■ **What is being asked**
The required output is the exact run of lines from the one that contains "Gianni Versace leather" to the end of the data, with every picture left out.

■ **Data segment**
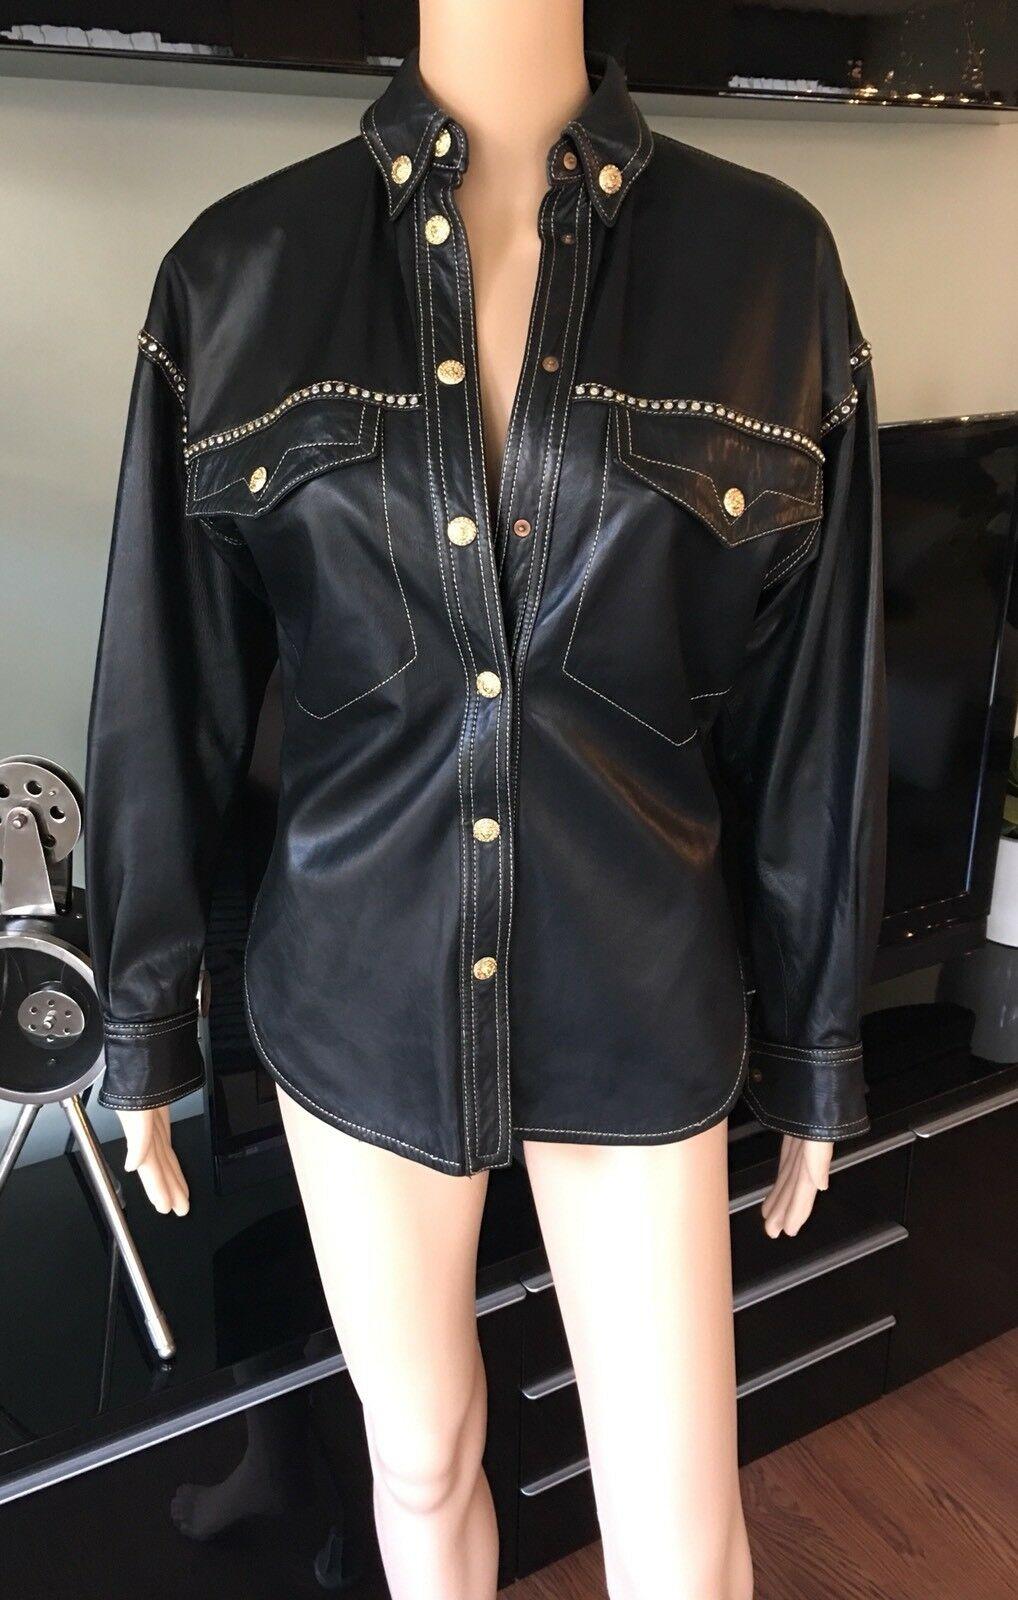 GIANNI VERSACE F/W 1992 Runway Vintage Embellished Leather Shirt Jacket Top IT 38

Gianni Versace leather shirt/jacket with pointed collar, dual pockets at bust, long sleeves and embellished gold-tone snap closures at front. 

About Versace: Founded
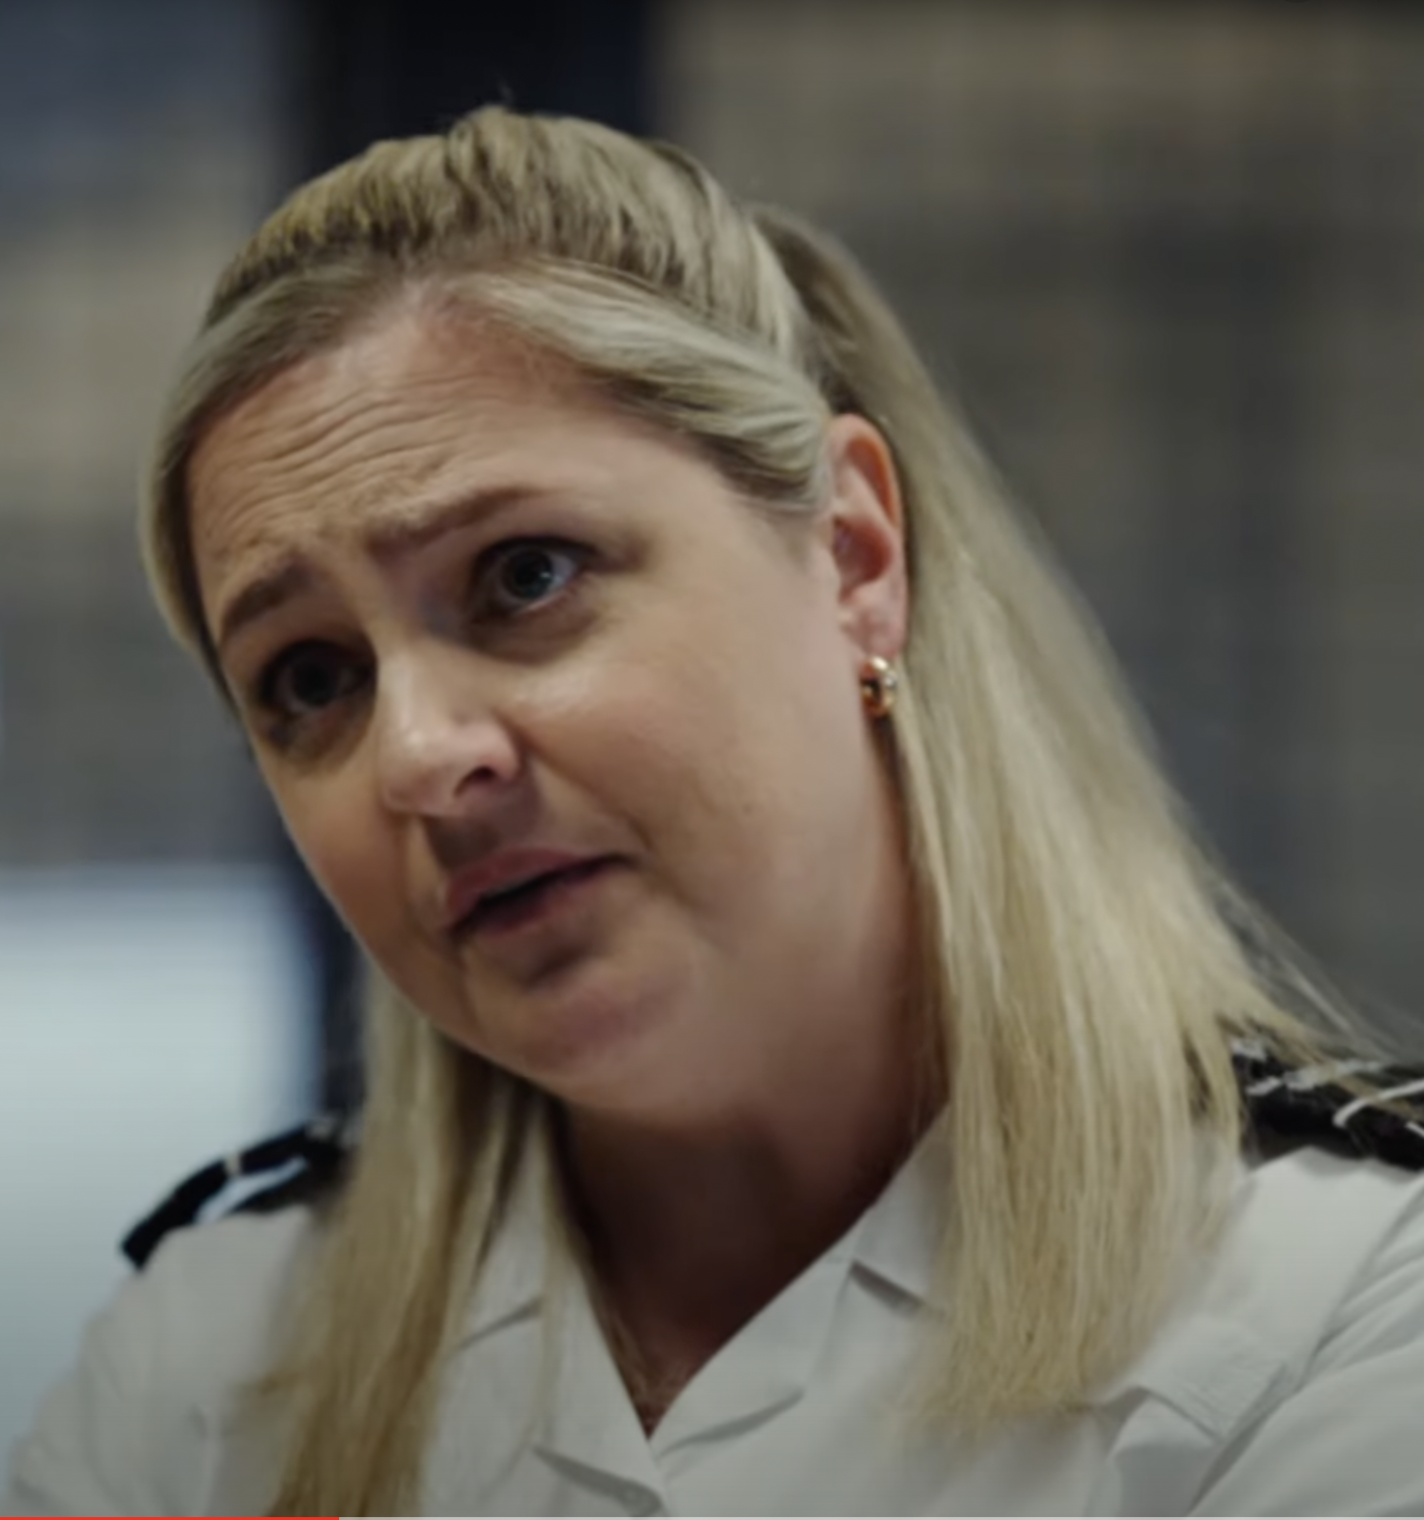 Channel 4 has released the first trailer for darkly comic prison drama Screw starring Laura Checkley

■ **Finished exercise**
Gianni Versace leather shirt/jacket with pointed collar, dual pockets at bust, long sleeves and embellished gold-tone snap closures at front. 

About Versace: Founded
 Channel 4 has released the first trailer for darkly comic prison drama Screw starring Laura Checkley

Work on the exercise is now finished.